60. Most studies on SSE focus on the experiences of staff involved in the process, rather than the 
impact or uses of data resulting from the process (Blok et al., 2007). Nevo (2002) argues that schools with 
experience in self evaluation are more likely to adopt a constructive attitude toward external inspection and 
to make more productive use of the results, he also notes that the research on evaluation utilisation has 
provided only “meager support” as to their effectiveness, and mainly in relation to conceptual use of 
evaluation (Cousins and Leithwood, 1986; Shulha and Cousins, 1997; Nevo, 2001). 

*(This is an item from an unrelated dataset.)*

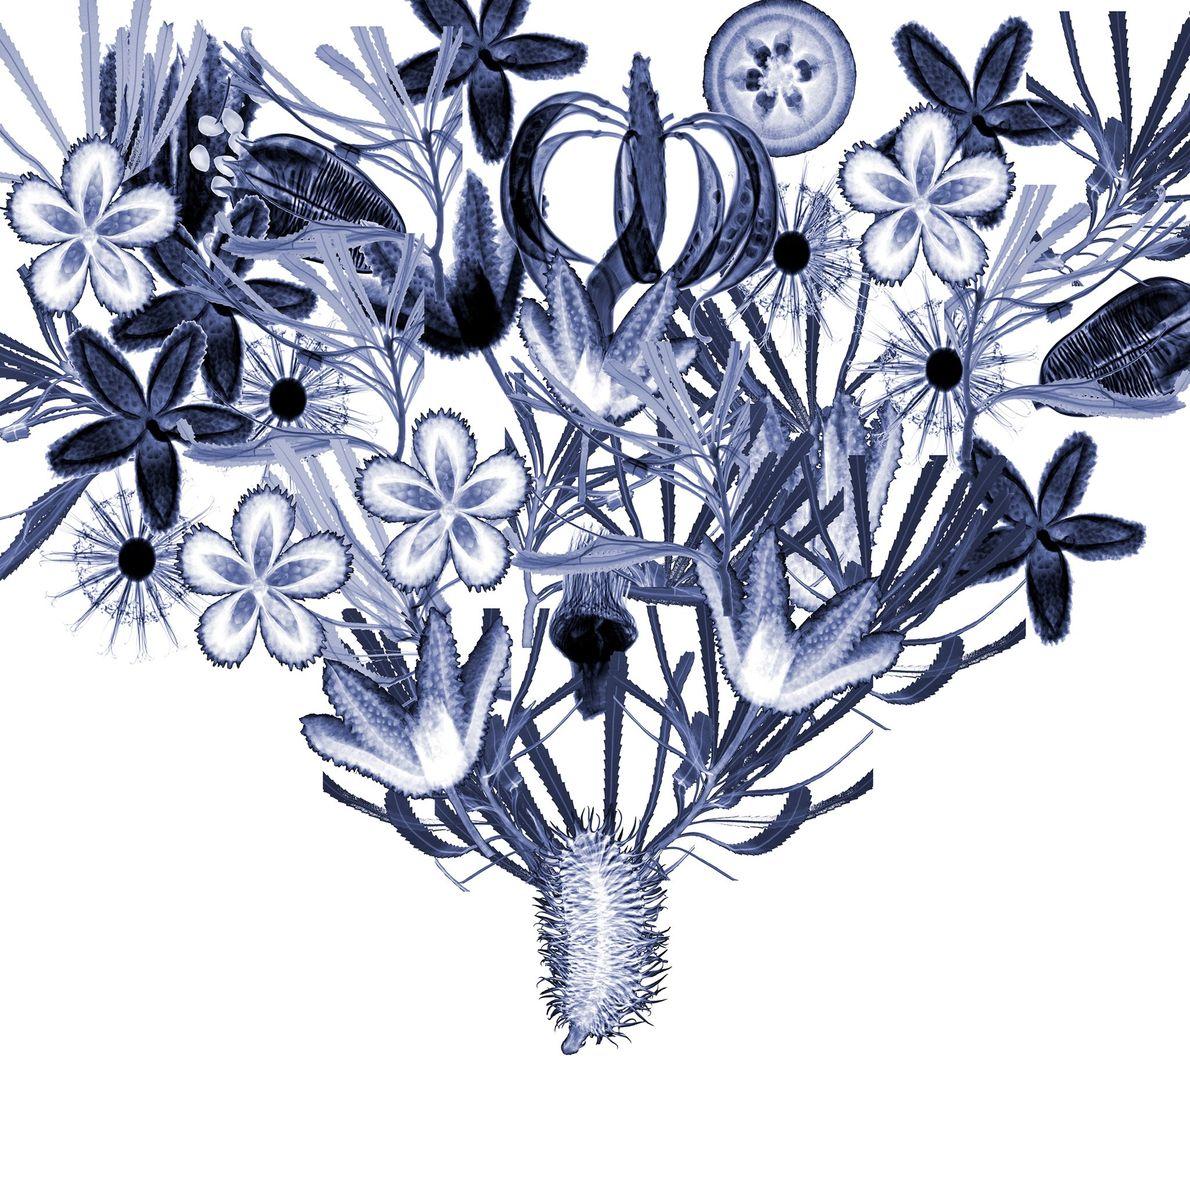 Ce collage de radiographies par rayons X montre une variété de plantes exclusivement visibles en Australie, ...

61 . Hofman and colleagues (2009) conducted a large-scale survey of Dutch teachers to learn whether 
different approaches to SSE are associated with different levels of student achievement. They drew upon 
data from a questionnaire sent to 939 primary schools (those schools responding to the researchers’ query - 
from among 1 914 randomly selected schools in the initial sample), school level data from the Dutch 
National Inspectorate, and student data from a large-scale national study, which brought together school 
and student data. Overlapping data from the two datasets covered 81 primary schools and 2 099 students. 
Based on this research, Hofman and colleagues found a significant relationship between the quality of 
teaching and learning processes and SSE. The researchers awarded an “advanced SSE score” to those 
schools with the highest scores on the teaching and learning scale (i.e. curriculum, use of available learning 
time, pedagogical and didactic performances of teachers, school climate, harmonisation of the educational 
needs of students, an active and independent role for students, and higher quality of support and guidance 
for students). The results of the study provide strong support for the importance of collaboration. 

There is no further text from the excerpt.